- **Assignment**
Please retype the listing below exactly as it stands, skipping any pictures.

=== Data excerpt ===

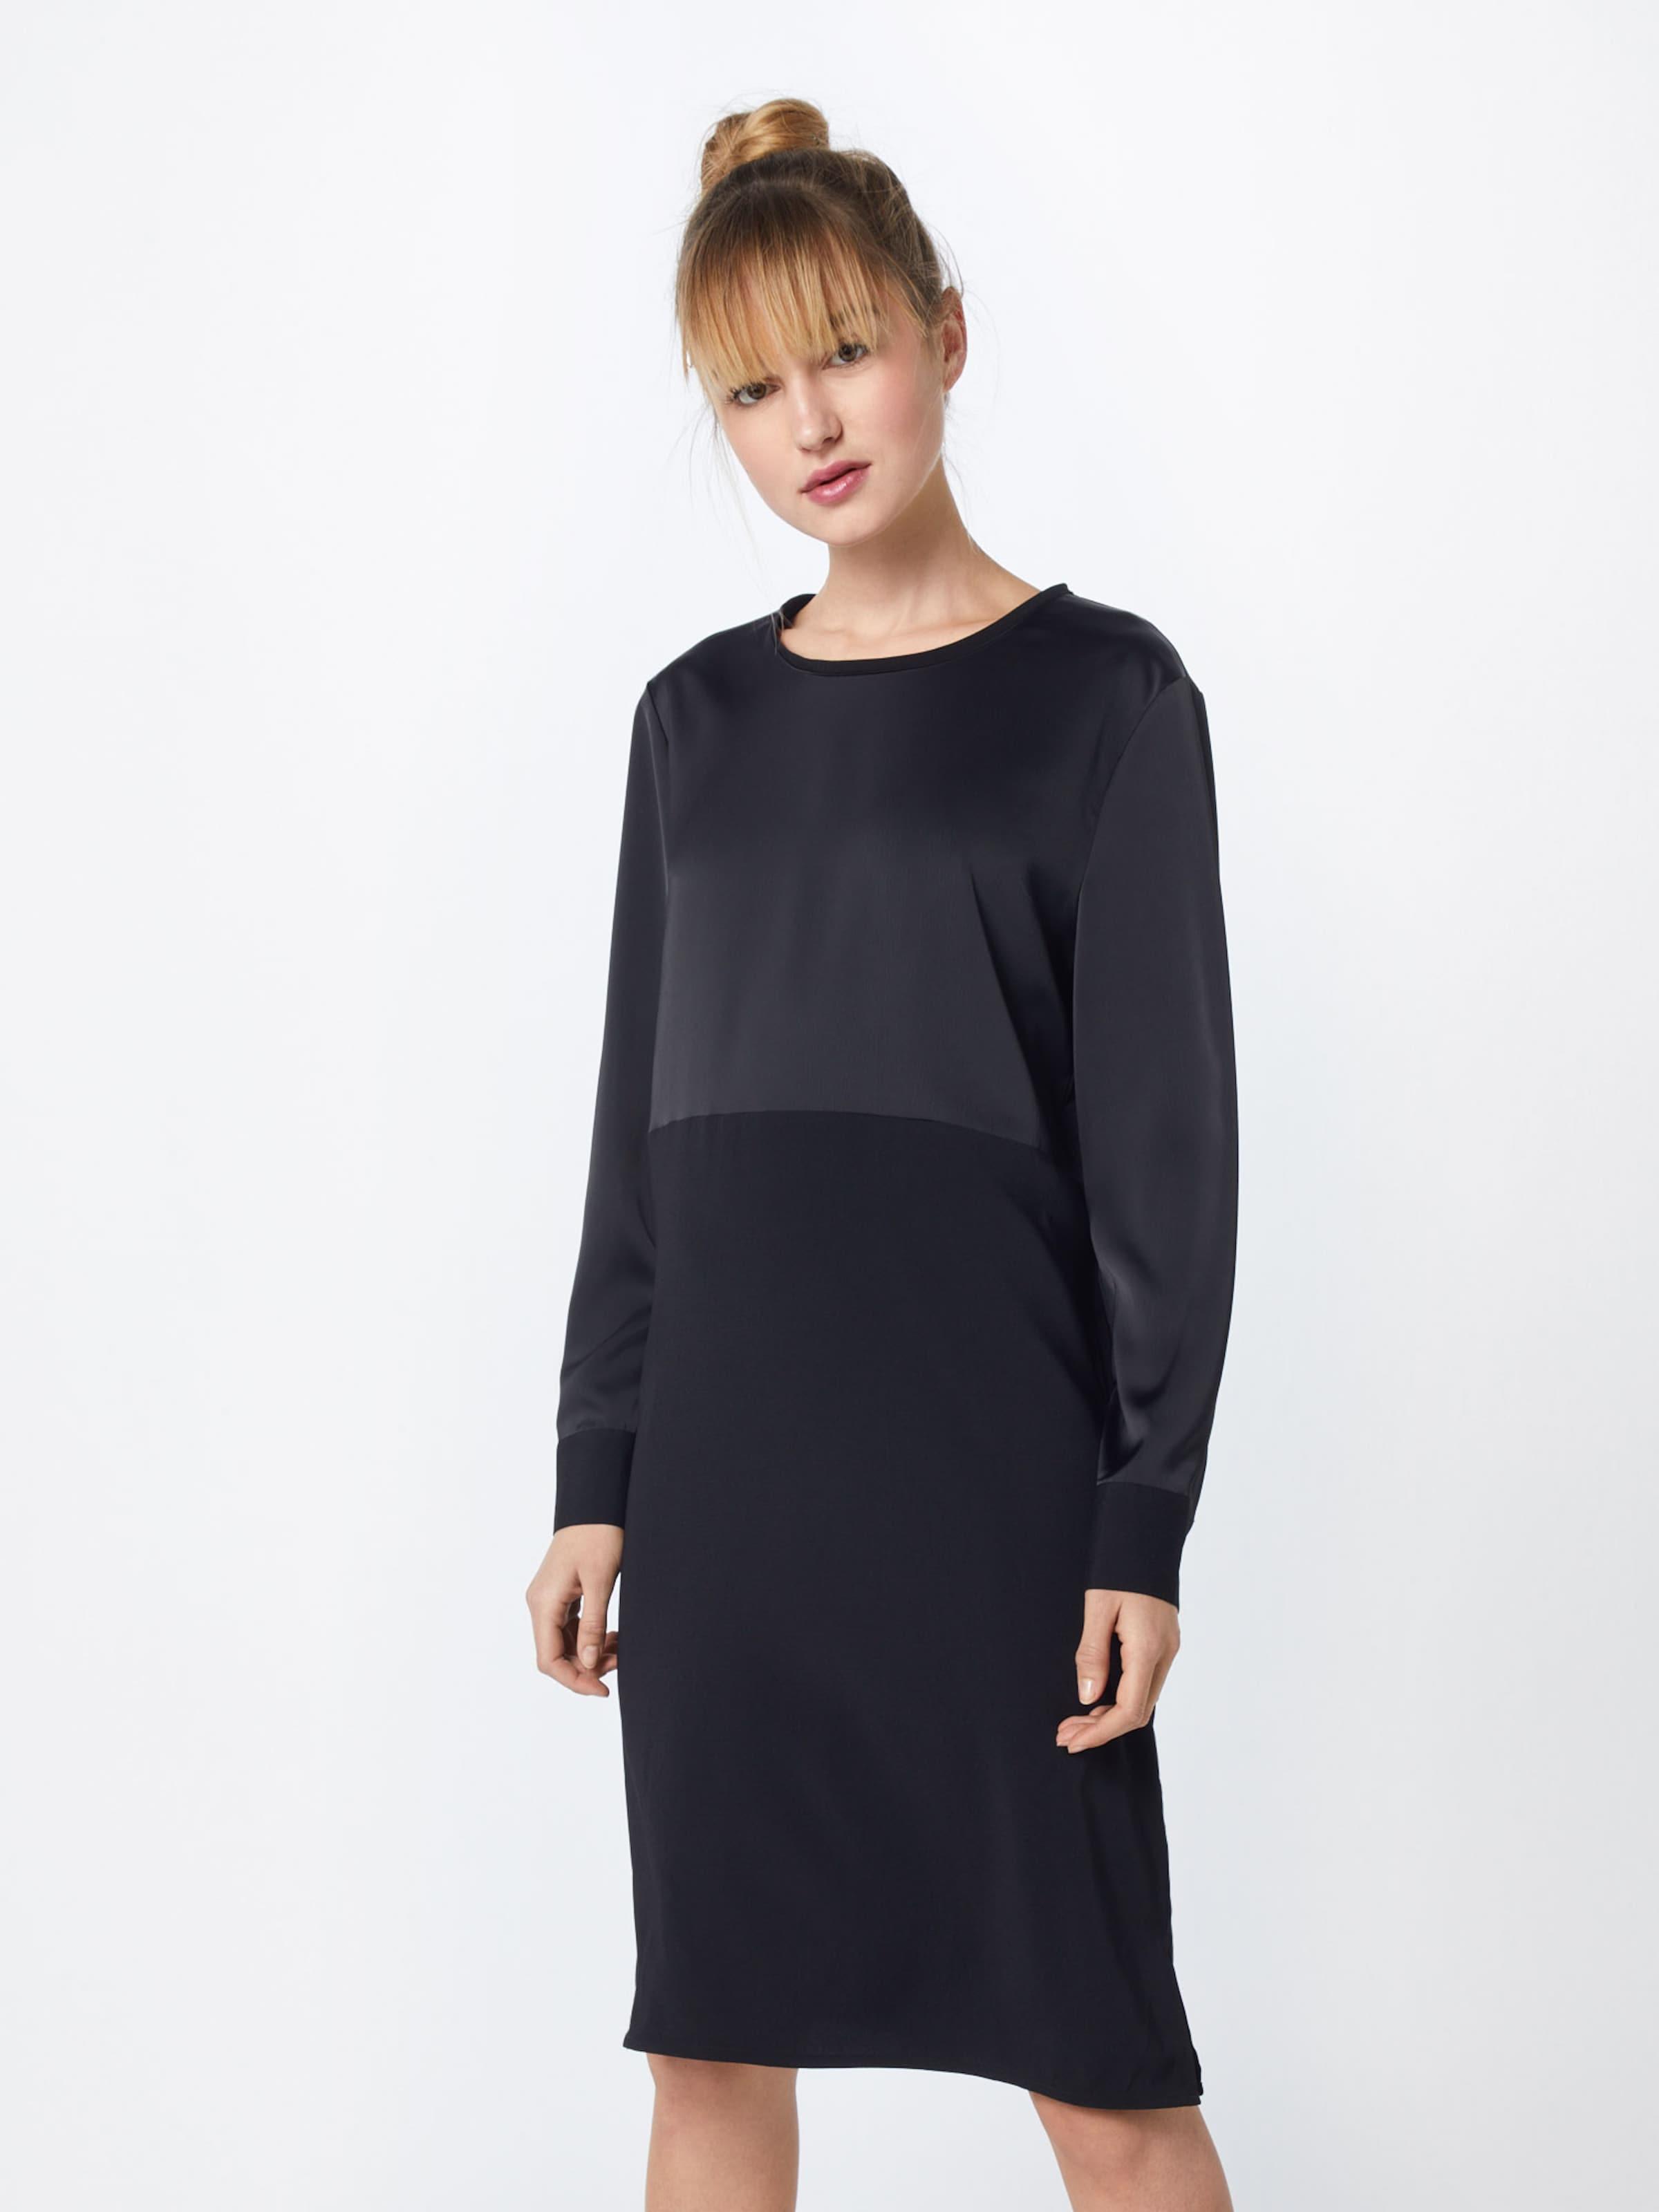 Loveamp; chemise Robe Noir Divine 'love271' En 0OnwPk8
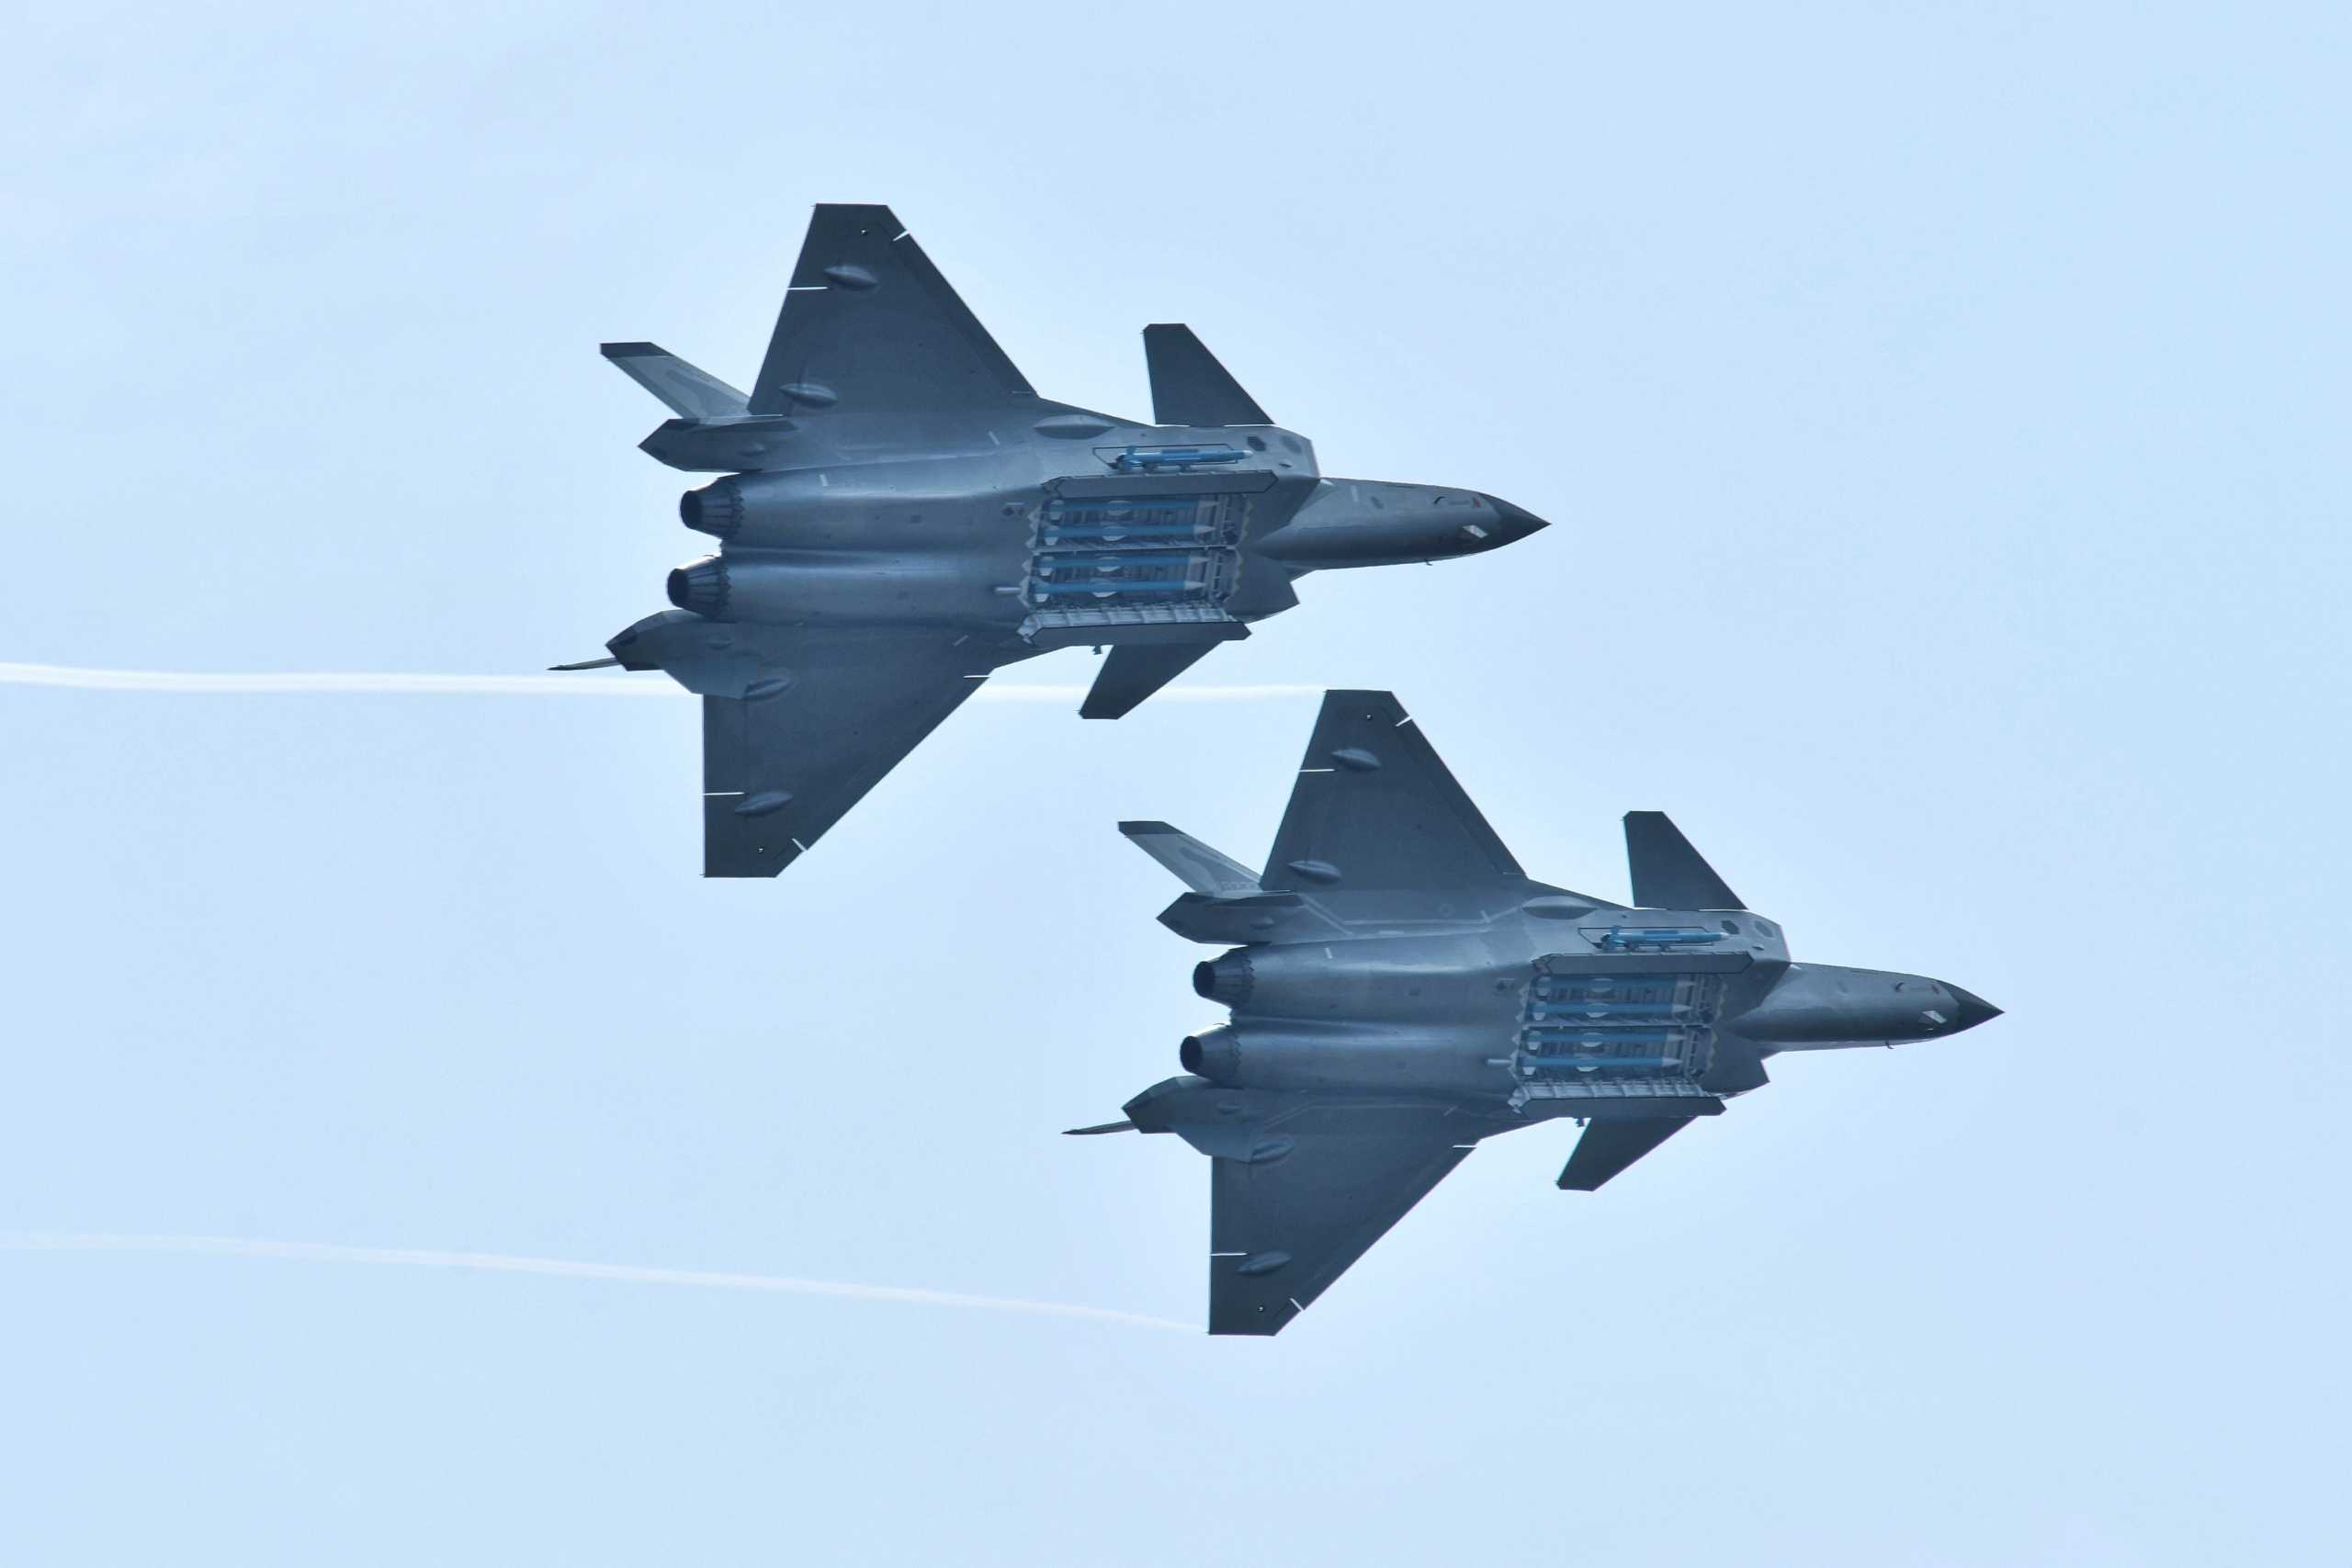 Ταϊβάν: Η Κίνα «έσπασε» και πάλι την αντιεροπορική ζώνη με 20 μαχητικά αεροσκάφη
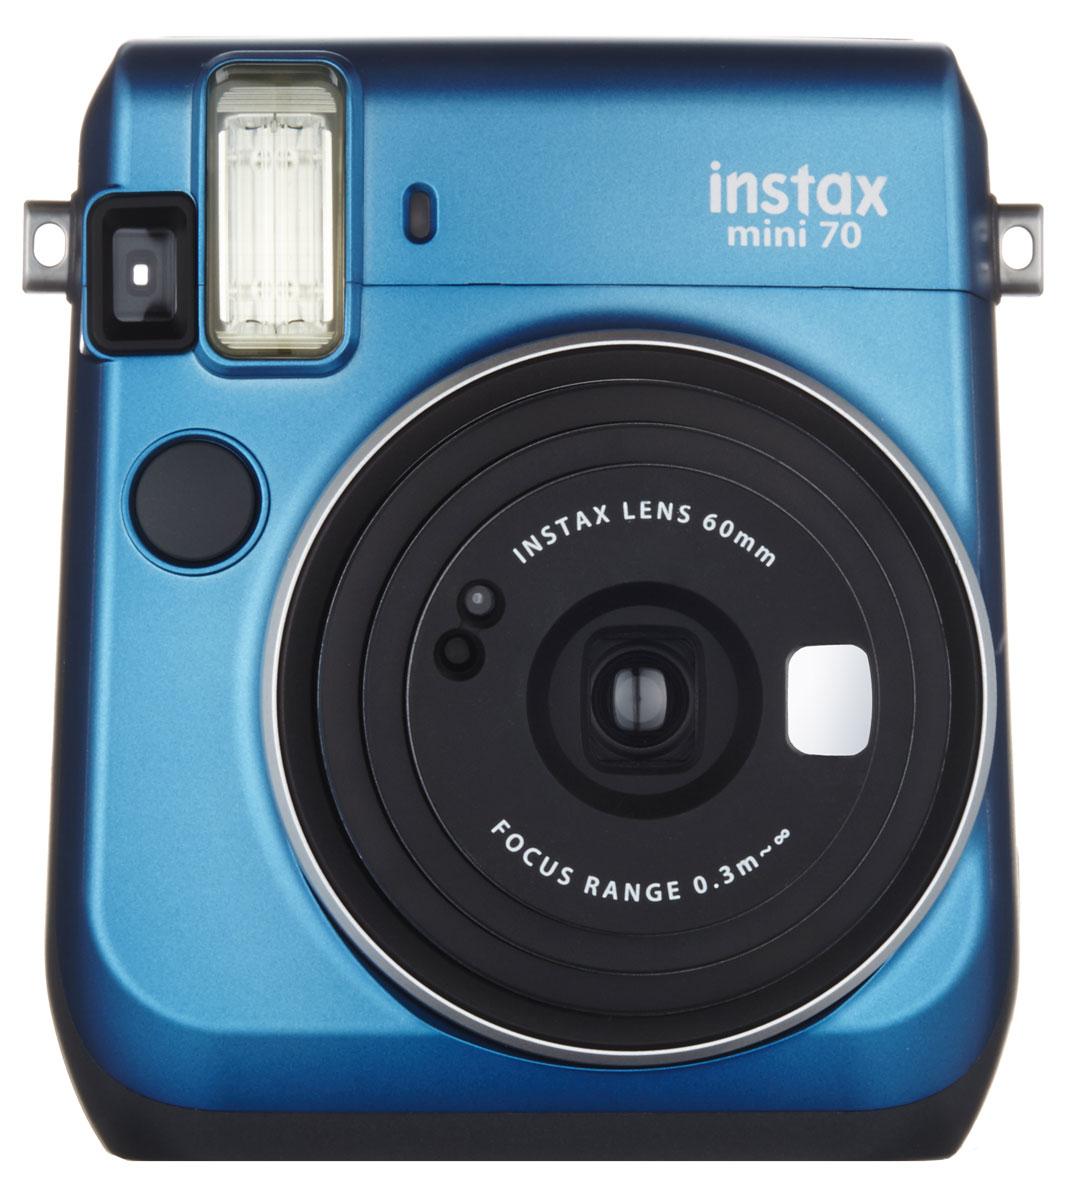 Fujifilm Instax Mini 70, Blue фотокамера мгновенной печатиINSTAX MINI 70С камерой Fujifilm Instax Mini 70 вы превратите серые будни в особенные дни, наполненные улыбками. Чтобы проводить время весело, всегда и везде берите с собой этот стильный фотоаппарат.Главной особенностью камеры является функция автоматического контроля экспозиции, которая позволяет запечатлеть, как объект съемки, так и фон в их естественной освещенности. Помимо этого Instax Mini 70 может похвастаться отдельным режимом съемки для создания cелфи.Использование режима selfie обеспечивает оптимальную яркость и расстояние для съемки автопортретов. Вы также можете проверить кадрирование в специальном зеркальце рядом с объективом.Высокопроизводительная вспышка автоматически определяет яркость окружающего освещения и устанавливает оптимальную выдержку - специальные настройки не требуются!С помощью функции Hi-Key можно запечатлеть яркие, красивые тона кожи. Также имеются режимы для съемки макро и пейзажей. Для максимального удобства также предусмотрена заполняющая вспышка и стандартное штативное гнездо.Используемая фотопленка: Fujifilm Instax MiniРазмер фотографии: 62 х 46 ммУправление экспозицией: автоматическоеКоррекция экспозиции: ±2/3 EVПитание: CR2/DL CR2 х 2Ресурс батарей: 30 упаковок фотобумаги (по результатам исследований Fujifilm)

===

- **Task response**
 Loveamp; chemise Robe Noir Divine 'love271' En 0OnwPk8
 Ταϊβάν: Η Κίνα «έσπασε» και πάλι την αντιεροπορική ζώνη με 20 μαχητικά αεροσκάφη
 Fujifilm Instax Mini 70, Blue фотокамера мгновенной печатиINSTAX MINI 70С камерой Fujifilm Instax Mini 70 вы превратите серые будни в особенные дни, наполненные улыбками. Чтобы проводить время весело, всегда и везде берите с собой этот стильный фотоаппарат.Главной особенностью камеры является функция автоматического контроля экспозиции, которая позволяет запечатлеть, как объект съемки, так и фон в их естественной освещенности. Помимо этого Instax Mini 70 может похвастаться отдельным режимом съемки для создания cелфи.Использование режима selfie обеспечивает оптимальную яркость и расстояние для съемки автопортретов. Вы также можете проверить кадрирование в специальном зеркальце рядом с объективом.Высокопроизводительная вспышка автоматически определяет яркость окружающего освещения и устанавливает оптимальную выдержку - специальные настройки не требуются!С помощью функции Hi-Key можно запечатлеть яркие, красивые тона кожи. Также имеются режимы для съемки макро и пейзажей. Для максимального удобства также предусмотрена заполняющая вспышка и стандартное штативное гнездо.Используемая фотопленка: Fujifilm Instax MiniРазмер фотографии: 62 х 46 ммУправление экспозицией: автоматическоеКоррекция экспозиции: ±2/3 EVПитание: CR2/DL CR2 х 2Ресурс батарей: 30 упаковок фотобумаги (по результатам исследований Fujifilm)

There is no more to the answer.